§ **Problem statement**
List each line of the data that holds the word "from".

§ **Excerpted records**
------
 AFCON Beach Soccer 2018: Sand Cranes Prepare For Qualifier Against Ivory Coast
------
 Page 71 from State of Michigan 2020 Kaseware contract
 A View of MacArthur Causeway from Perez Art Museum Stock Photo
------
§ **Task result**
 Page 71 from State of Michigan 2020 Kaseware contract
 A View of MacArthur Causeway from Perez Art Museum Stock Photo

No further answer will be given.